Карой сбегает по лестнице, Амбруш и Лаура, спотыкаясь, кидаются следом за ним. Лаура с удивлением видит, что Карой, не замедляя шага, пересекает гостиничный холл и, даже не попрощавшись с портье, выбегает на улицу. Амбруш на ходу кивает портье, но тоже не подходит к пульту сообщить о тяжелом состоянии Гарри. Полностью утратив душевное равновесие, Лаура выскакивает за дверь вслед за Амбрушем и лишь на набережной накидывается на братьев:
— Вы что, рехнулись оба? Отчего вы не известили портье?
— Сама ты рехнулась, — холодно, враждебно цедит Карой. — Завтра я собираюсь продолжить путешествие. Не намерен я из-за этого типа жертвовать своей поездкой! Если что с ним случится, то нас потянут к ответу. Или ты хочешь торчать в префектуре вместо того, чтобы гулять по Флоренции? Не принимай близко к сердцу, он бы тоже ради нас палец о палец не ударил! Даже с обедом не пожелал торопиться, когда мы его ждали, забыла, что ли? — И Карой упрямо шагает дальше.
В пансионе Амбруш на сей раз не откалывается от супругов, а вместе с ними заходит в номер.
Карой тотчас же бросается на постель, Амбруш усаживается на стул возле умывальника, Лаура стоит посреди комнаты. Пальцы ее стиснуты с такой силой, что суставы побелели. Наконец она заговаривает:
— Надо было предупредить портье. Почему вы ему ничего не сказали? Как знать, что станется с Гарри до утра? А может, его обнаружат еще позднее.
— Да не беспокойся ты, утром наверняка будет уборка, — пытается успокоить ее Амбруш, сам расстроенный и подавленный.
Лаура расхаживает по комнате взад-вперед.
— Как же ты мог бросить его одного, ты, такой добропорядочный во всем? — снова взывает она к Карою.
— Нисколько он меня не волнует, этот самовлюбленный идиот! Я с первой минуты возненавидел его! — говорит Карой, уставясь в потолок мрачным, неподвижным взглядом.

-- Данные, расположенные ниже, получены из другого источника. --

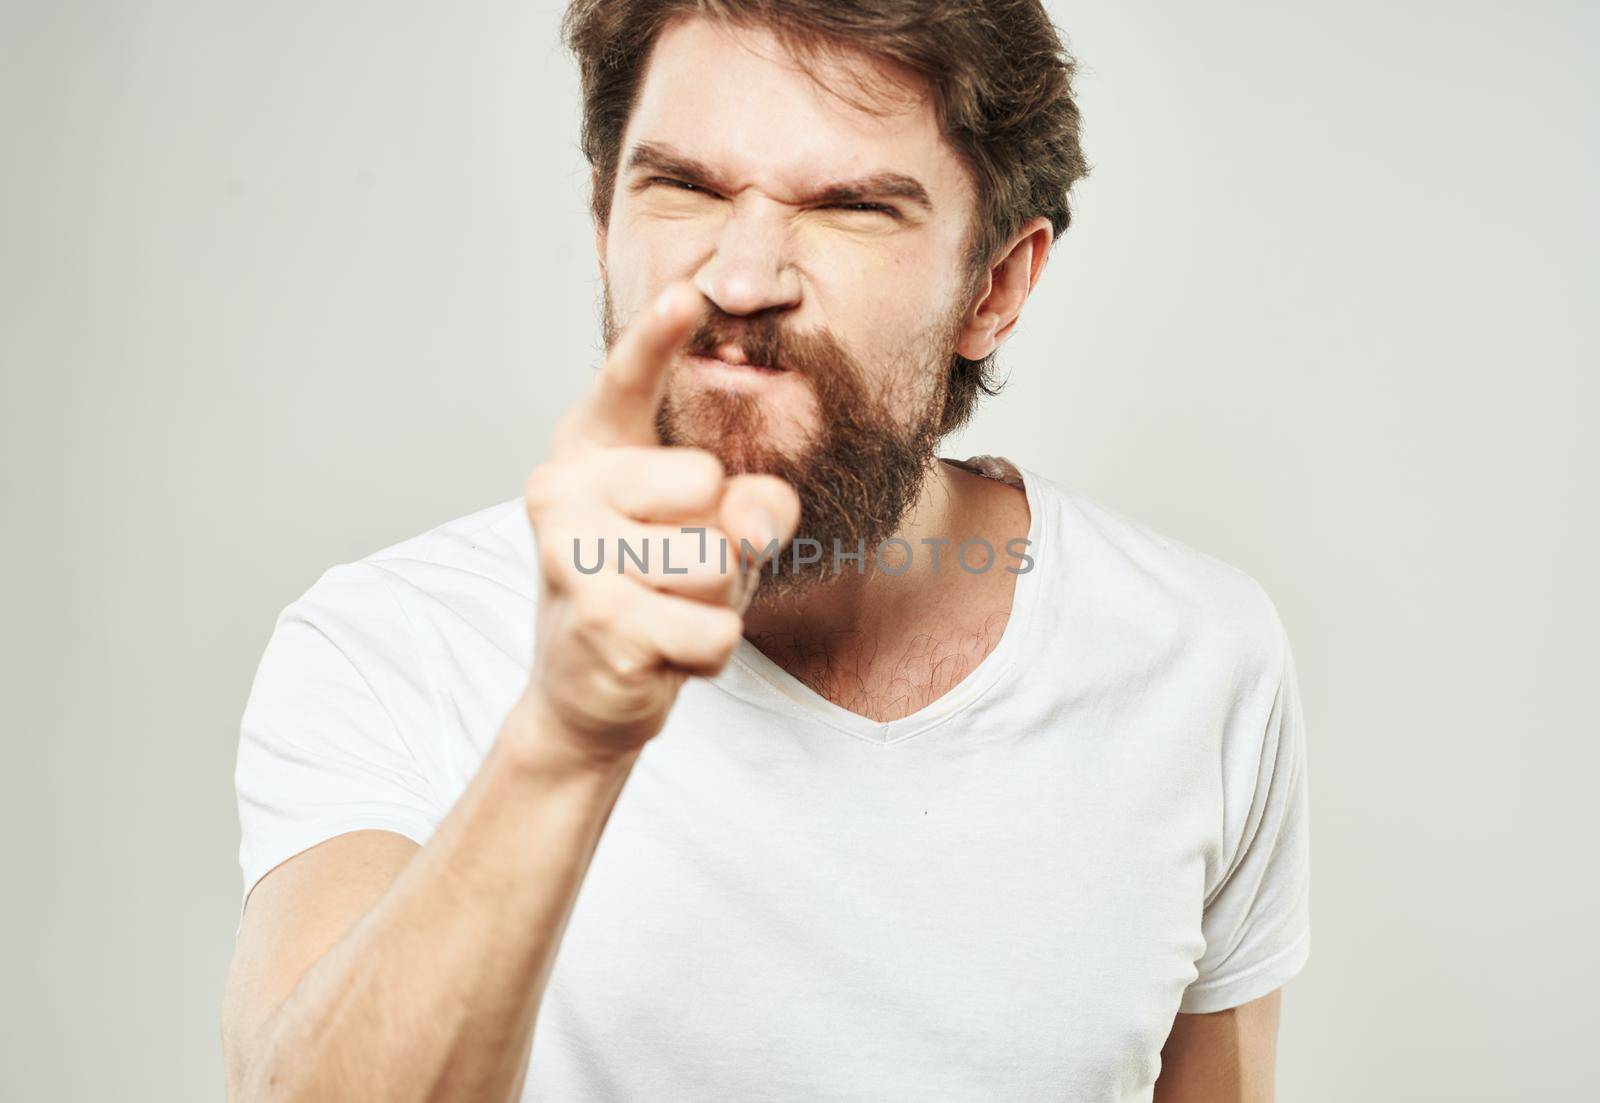 emotional man gesturing with his hands on a light background aggression scream by SHOTPRIME
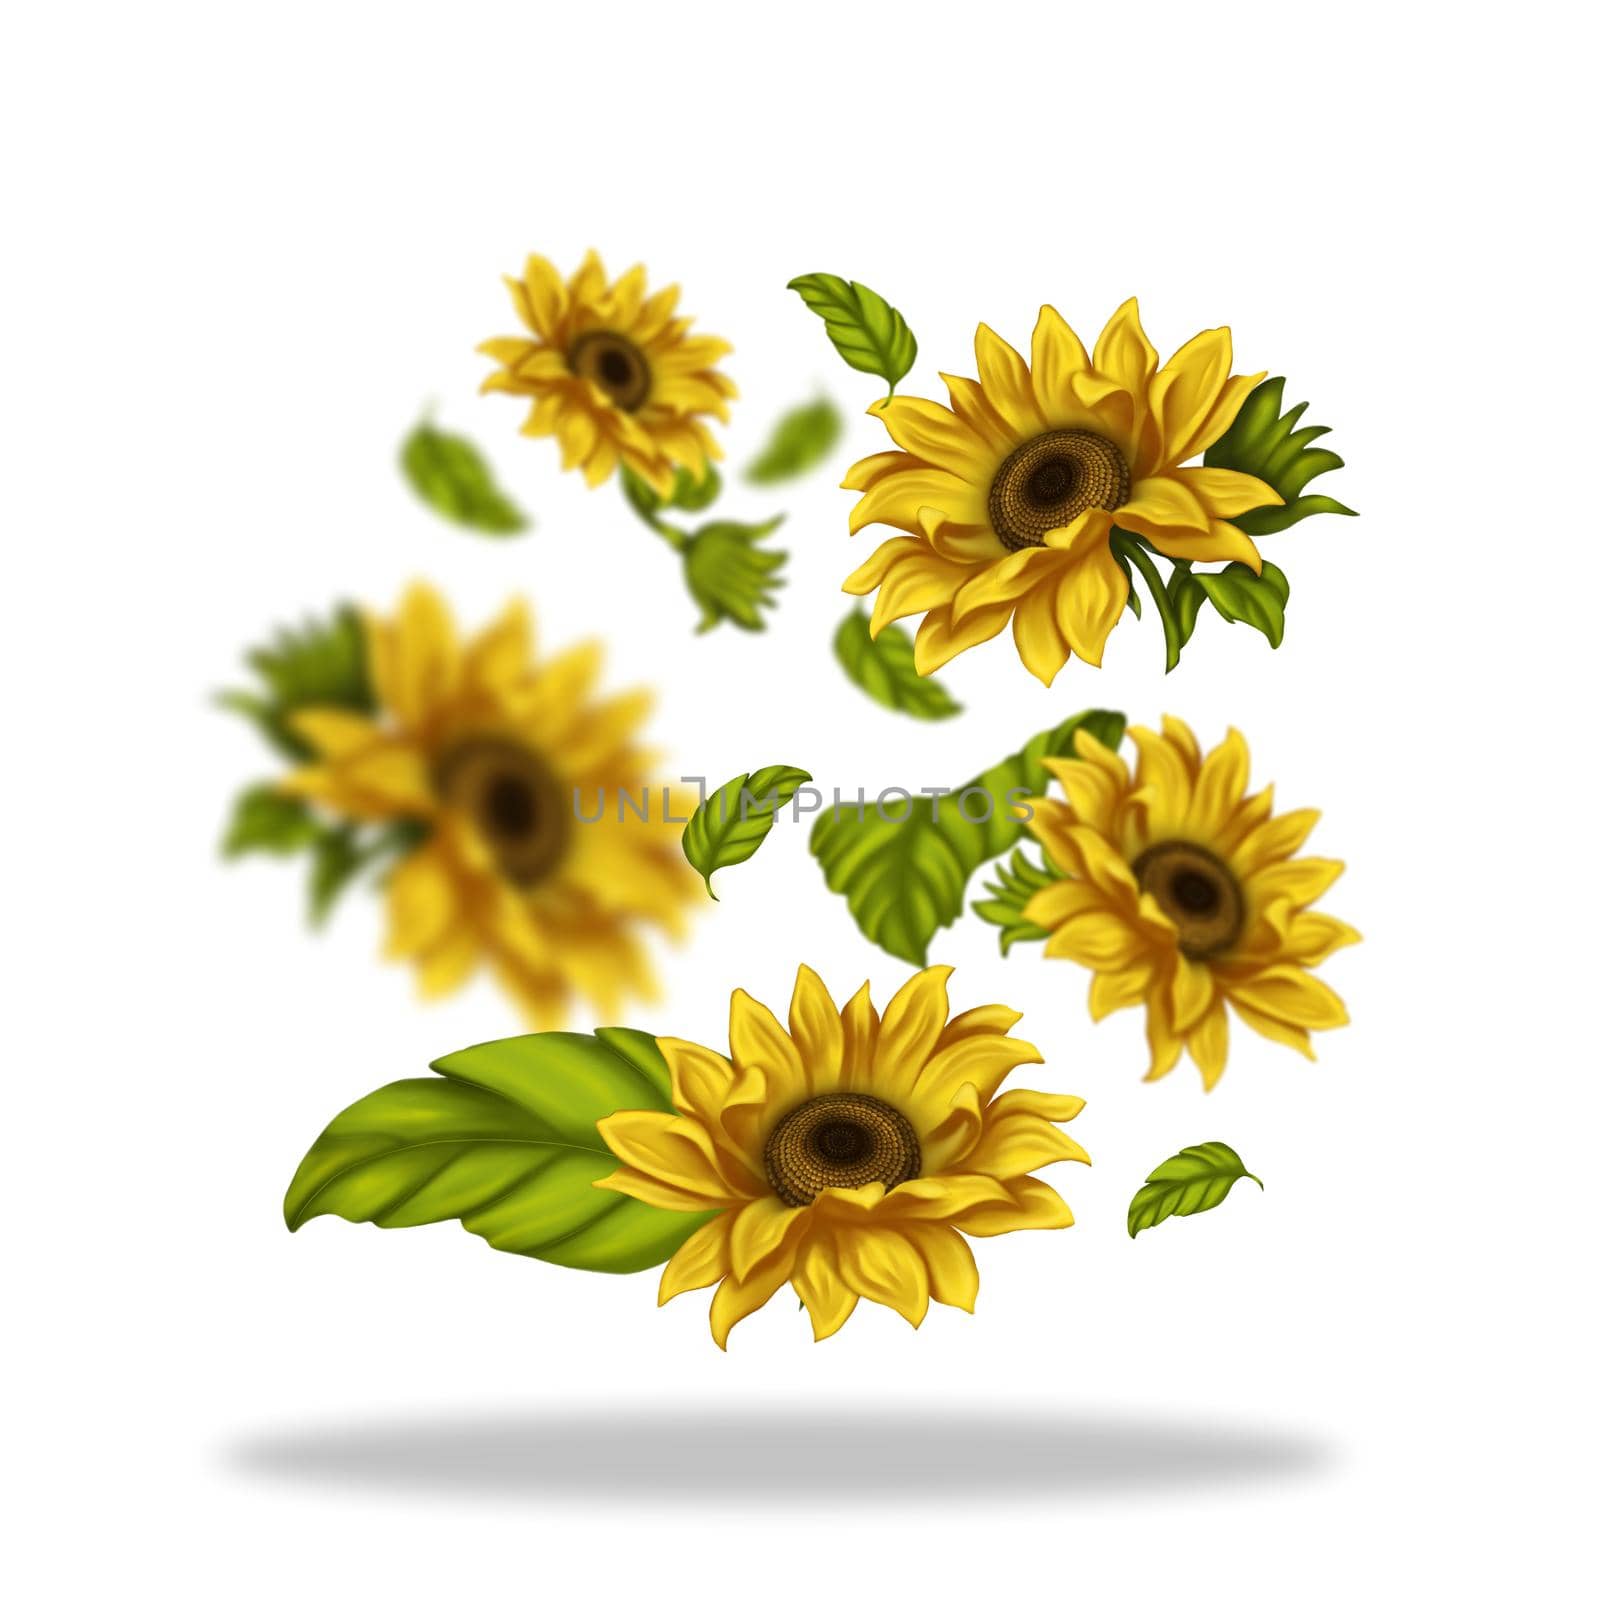 Illustration of sunflower flowers. Flowers freely levitate in space. Bright flowers on a light background.  by Alina_Lebed

— Но ведь он болен! — Голос Лауры чуть не срывается на плач. — Человек лежит в бреду. Наверняка корзину с цыплятами когда-то переехала телега. Мне не раз приходилось наблюдать, как в беспамятстве больных одолевают самые мучительные воспоминания, картины отдаленного прошлого. Бедный Гарри, а вы оба просто чудовища! — Лаура и сама пугается слова, едва не вырвавшегося у нее в порыве возмущения: ведь она чуть было не сказала: «Вы просто убийцы», поэтому она повторяет: — Вы просто чудовища!
Лаура тоже садится, серьезно, изучающе смотрит поочередно на Кароя и Амбруша. После чего встает, подходит к постели Кароя:
— Сядь, пожалуйста, Карой, я хочу тебе кое-что сказать. Карой, я не поеду дальше с вами. Я не хочу быть твоей женой. Я хочу с тобой развестись, и завтра же утром я возвращаюсь в Пешт.
Кароя не надо больше упрашивать, при этих словах жены он сам садится на постели.
— Полно, Лаура, стоит ли устраивать такой балаган по пустякам! Вот увидишь, ничего с этим Гарри не случится! Перед отъездом мы еще раз заглянем к нему в гостиницу.
— И вовсе не из-за Гарри, — судорожно трясет головой Лаура. — Карой, я поняла, что не люблю тебя. А теперь я даже потеряла веру в тебя. Амбруш, прошу тебя, переночуй с Кароем здесь, а мне уступи свой номер. До утра есть еще немного времени, и мне хотелось бы поспать.